What's being learned from this experience? Toyota is finding that the costs of losing their focus on quality are very high indeed and to their credit, they are implementing serious countermeasures. It is not clear the media have learned anything. Leading with unsubstantiated victim stories, and ignoring that driver error was a known important factor in unintended acceleration, was simply irresponsible. Where was the due diligence of TV reporters and print journalists? Even NHTSA retreated to the euphemism, "pedal misapplication." The media should have been capable of treating this issue more intelligently. No doubt, the 24-hour news cycle, the rush to release tidbits of information and the pressure to make judgments based on those tidbits, facilitated sloppy reporting. Perhaps this is an example of what James Fallows referred to in the April issue of The Atlantic, as giving the public what they want and not what they need. A caveat not mentioned by Toyota defenders is that driver error can be enhanced by poor design. As with many consumer products, it is increasingly expected of manufacturers that they design their products to minimize the probability of failure when consumers use those products in ways not intended by manufacturers. This is the new reality for all automakers, not just Toyota.

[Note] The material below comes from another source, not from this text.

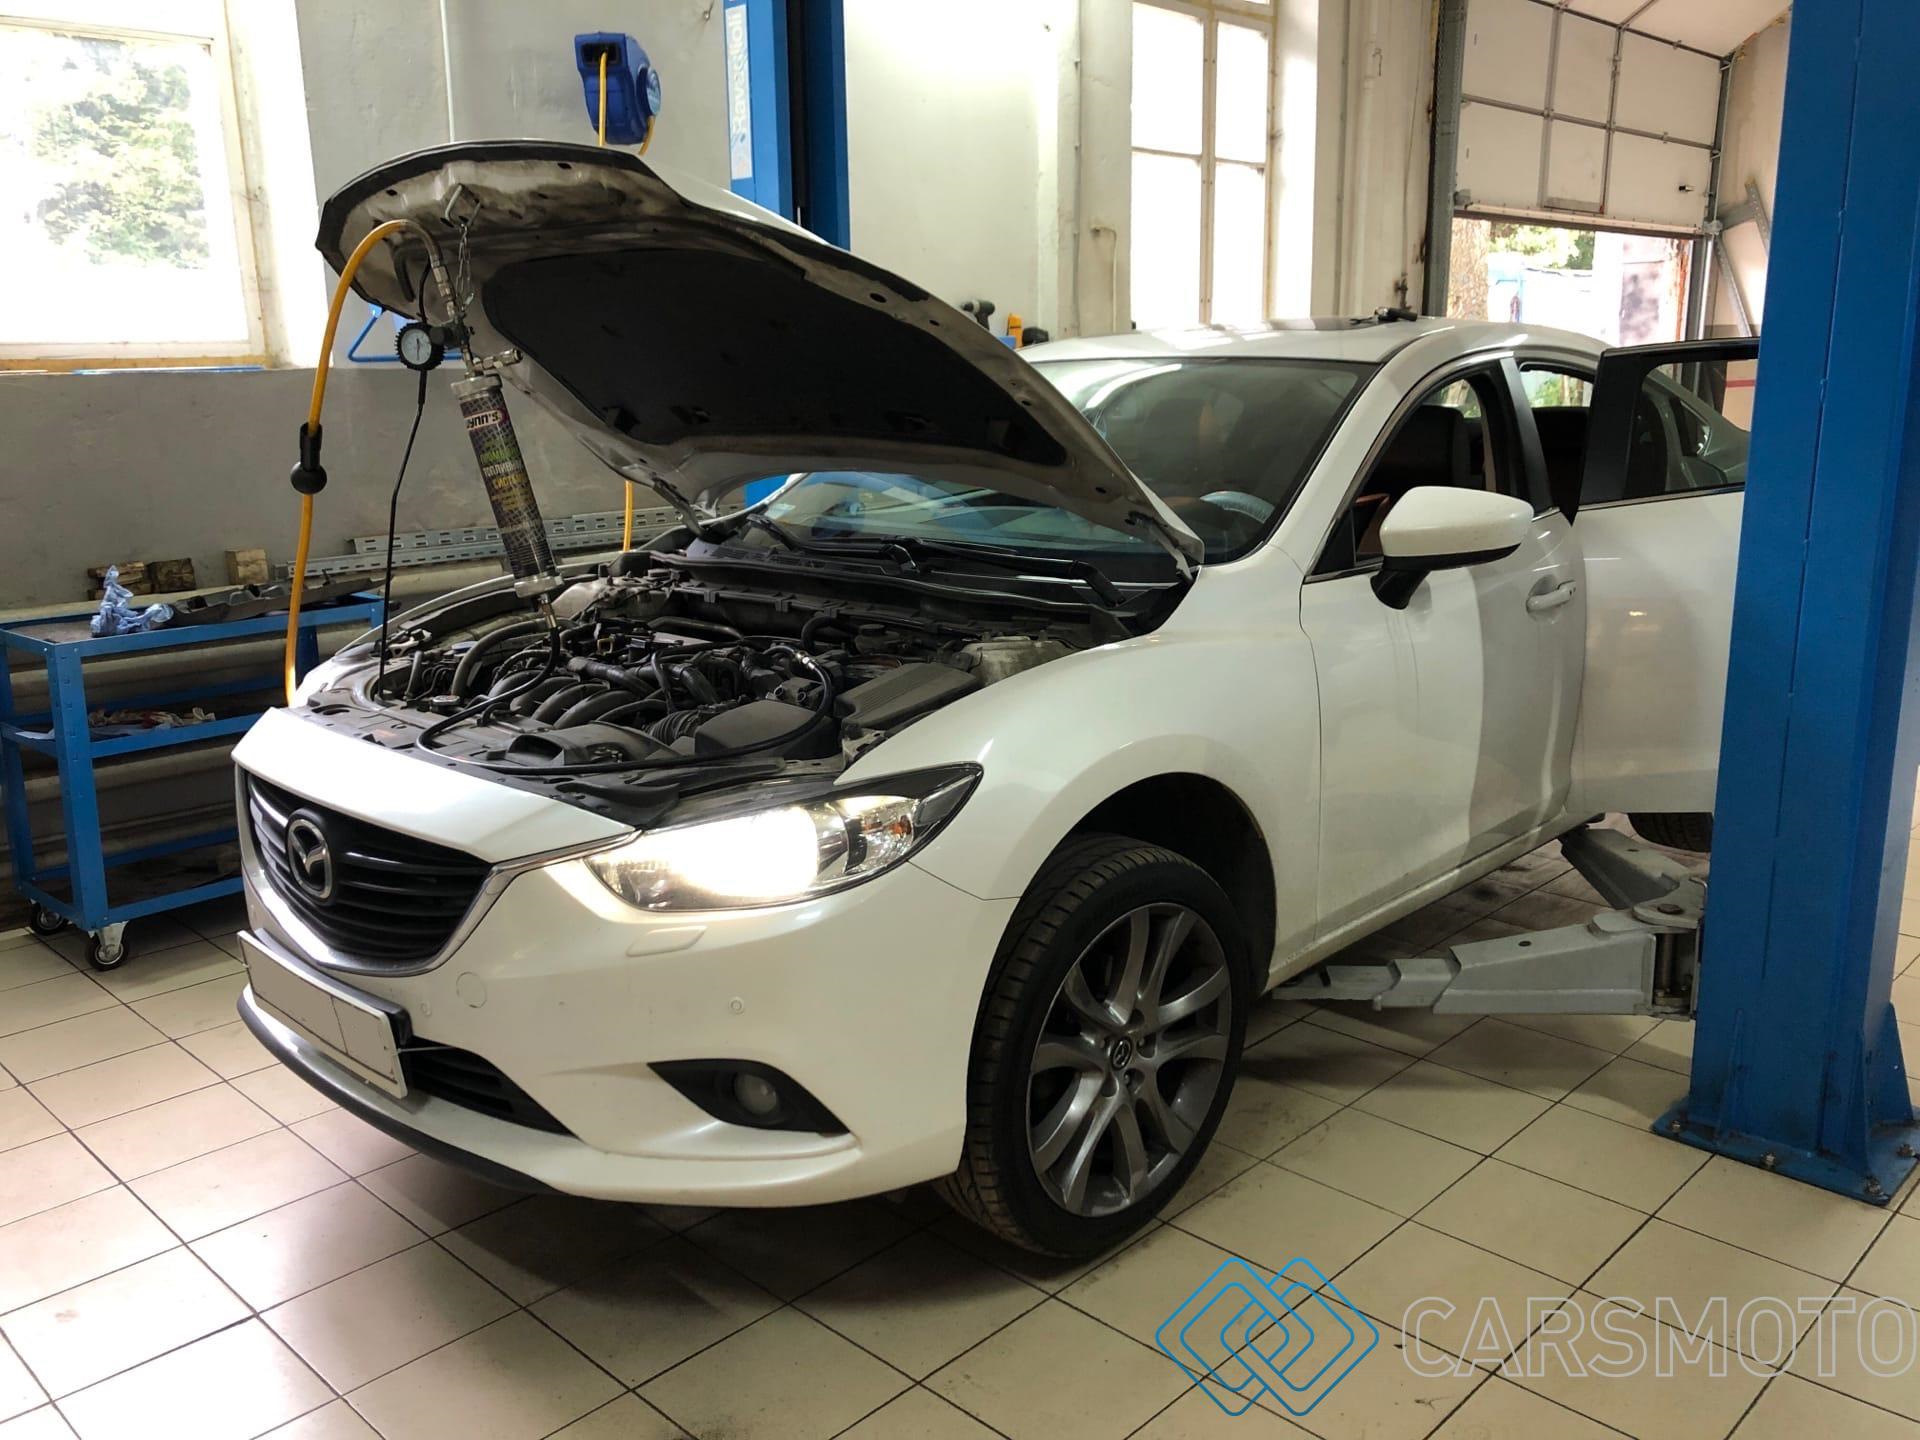 Полная аппаратная замена масла АКПП Mazda 6 (GJ) — CarsMoto Shop на DRIVE2
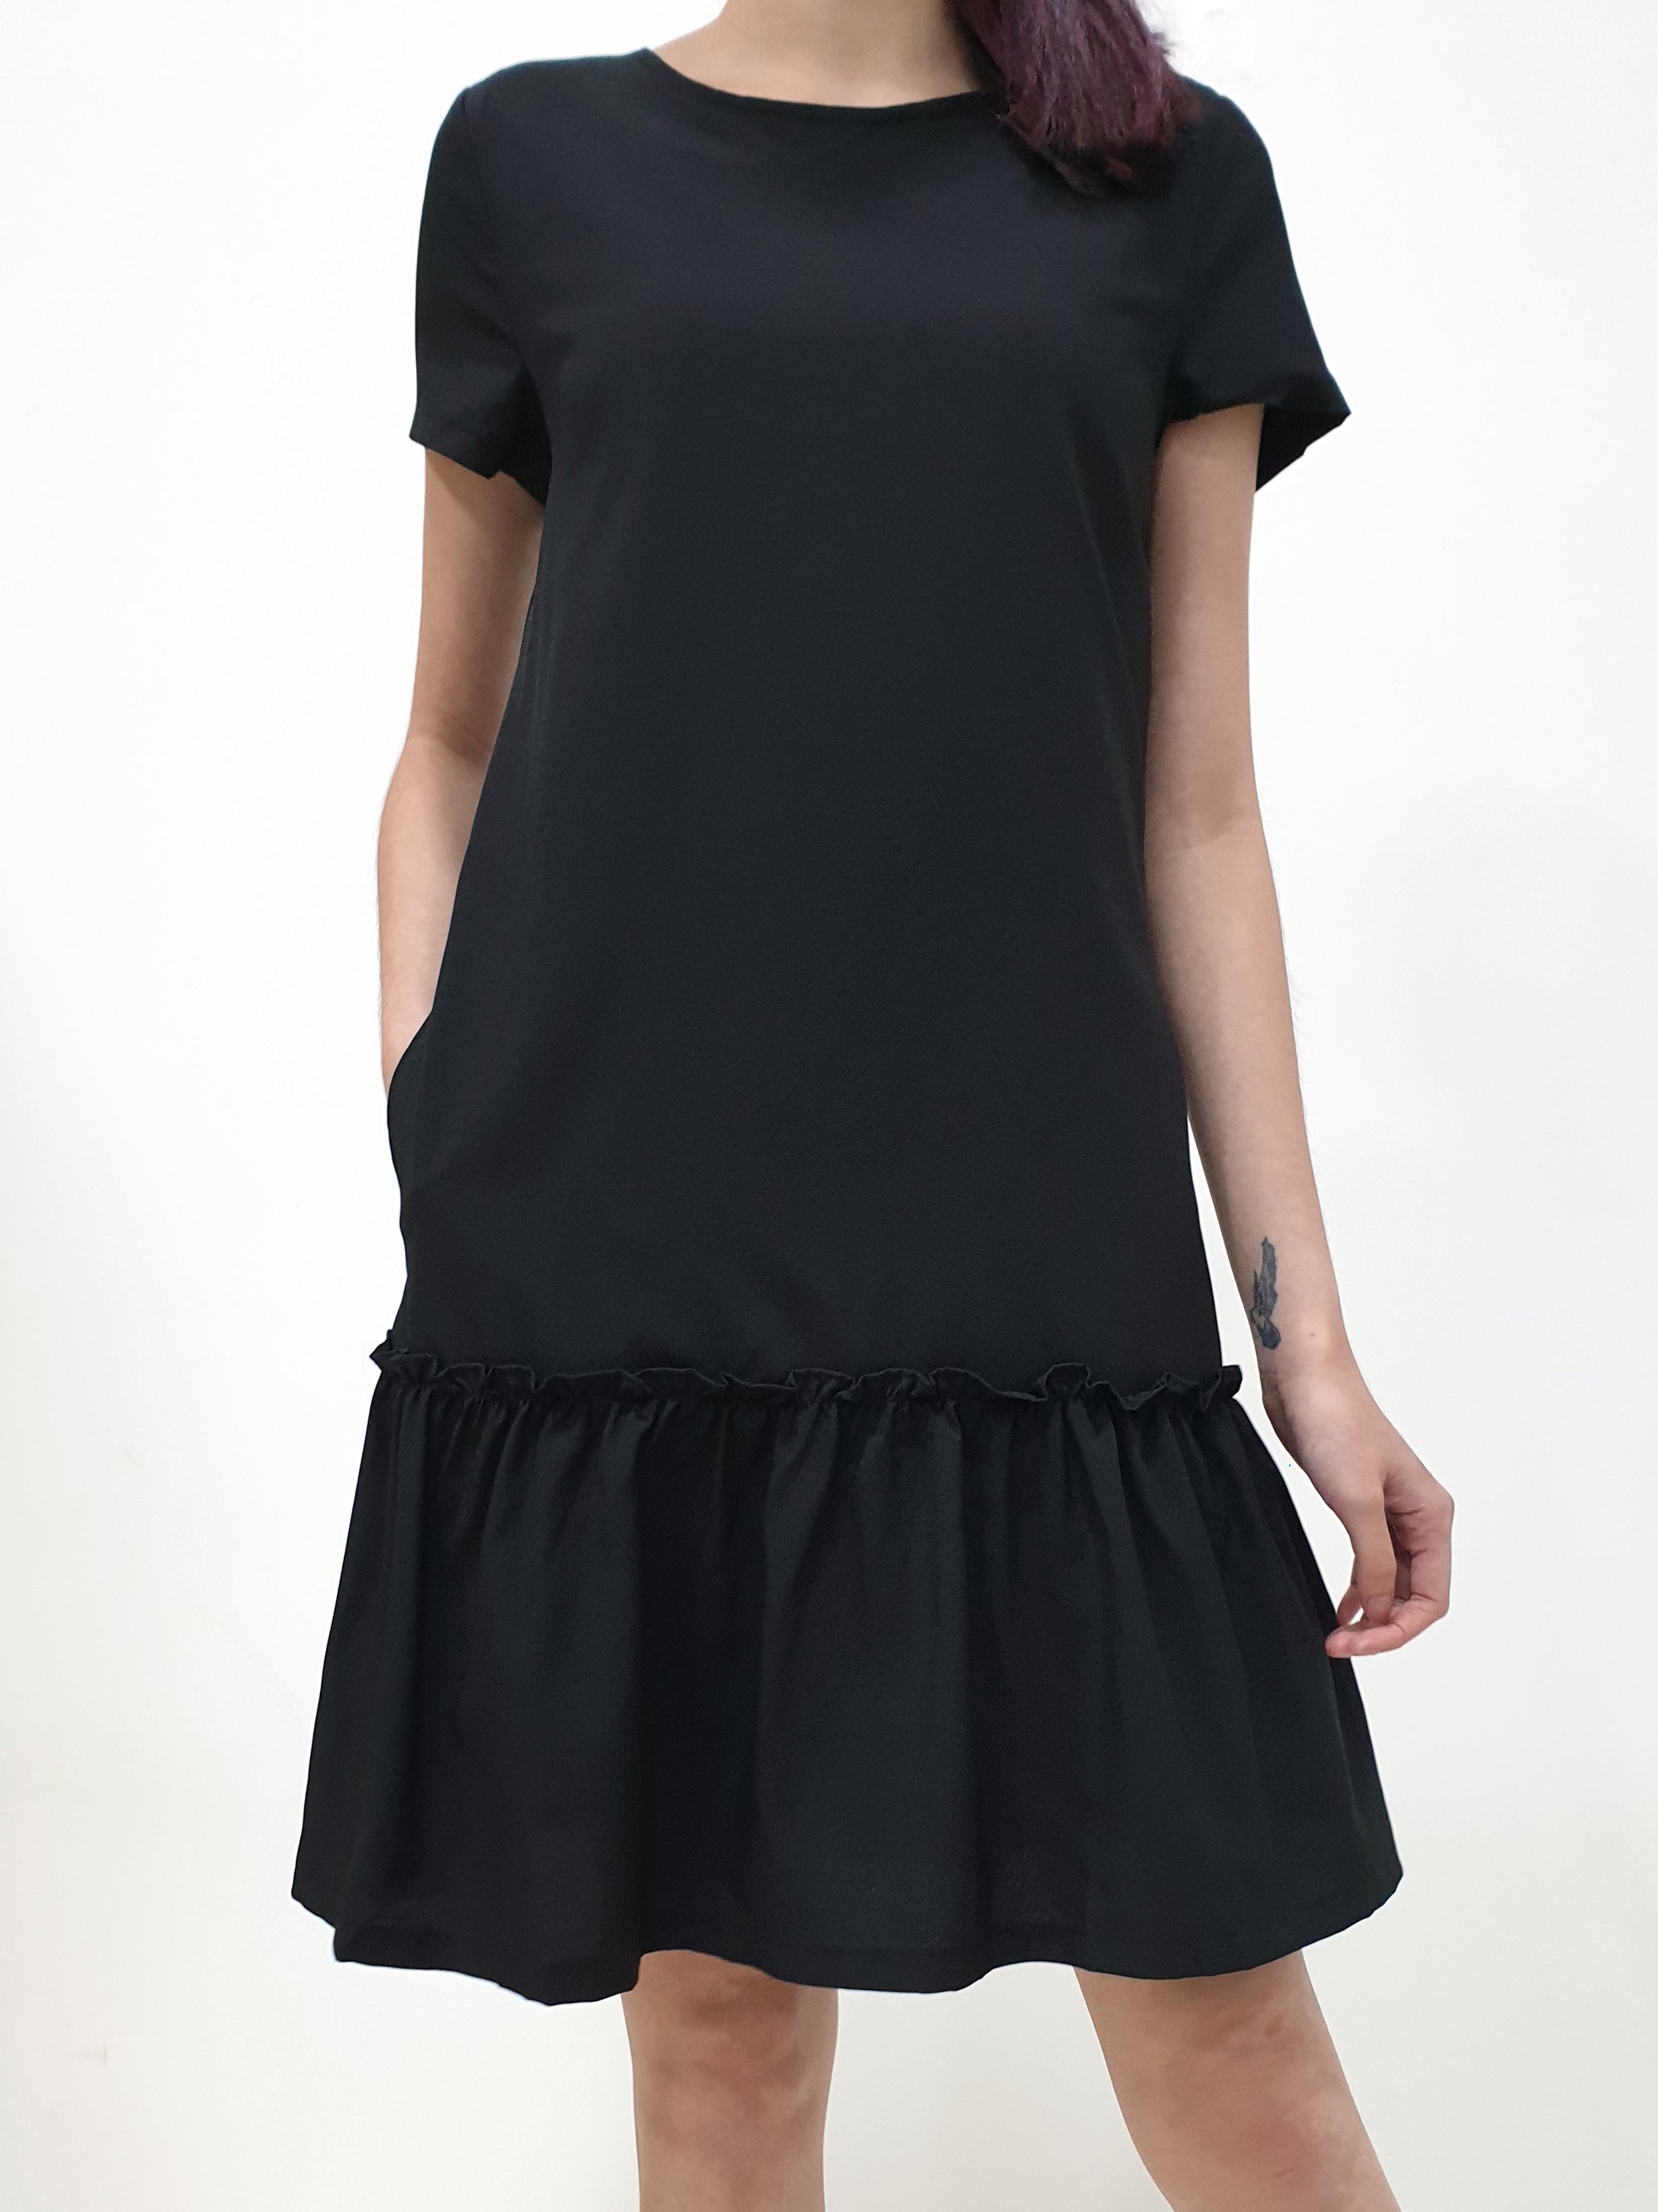 Sleeved Gathered Hem Dress - Black (Non-returnable) - Ferlicious

It is harder to fault NHTSA given all the uncertainty at the time. Yet, they have had years to study unintended acceleration; they should have learned something more useful in handling the recent events. They certainly should have had the courage to publicize the issue of driver error as a possible explanation much earlier than they did. They need a better understanding of how to release higher quality information in a way that insures public dissemination and inhibits public hysteria. If they could recall 3.8 million vehicles for pedal entrapment caused by improperly installed or stacked floor mats, based heavily on the Saylor crash, they should have been able to get this message through to the public, despite the media's party line on probable electronic causes. NHTSA officials did testify to Congress to this effect but they could have done much more to reach out to the public. On the policy level, some version of the airplane black box (Event Data Recorder) needs to be available to NHTSA officials on a consistent basis. This would allow comparisons across automakers and the matching of crashes on a database to identify common causes. A recorder which documented events at least 10 seconds prior to the crash would enable safety experts to move from a passive safety approach based on crash data to an active safety approach focused on prevention. There are all sorts of political obstacles to achieving this objective but it is a worthy one.
Finally, why is it so hard to get across the message to the public that people freeze up in crisis situations and can't remember what they did at such times? What can be done to better educate the public on this reality? There is a study worth doing.
1Ed. Wallace, "Toyota, The Media Owe You an Apology."
2Jeffrey Liker, Toyota Under Fire: Lessons for Turning Crisis into Opportunity, McGraw-Hill, 2011; "Toyota's Recall Crisis: What Have We Learned," Harvard Business Review.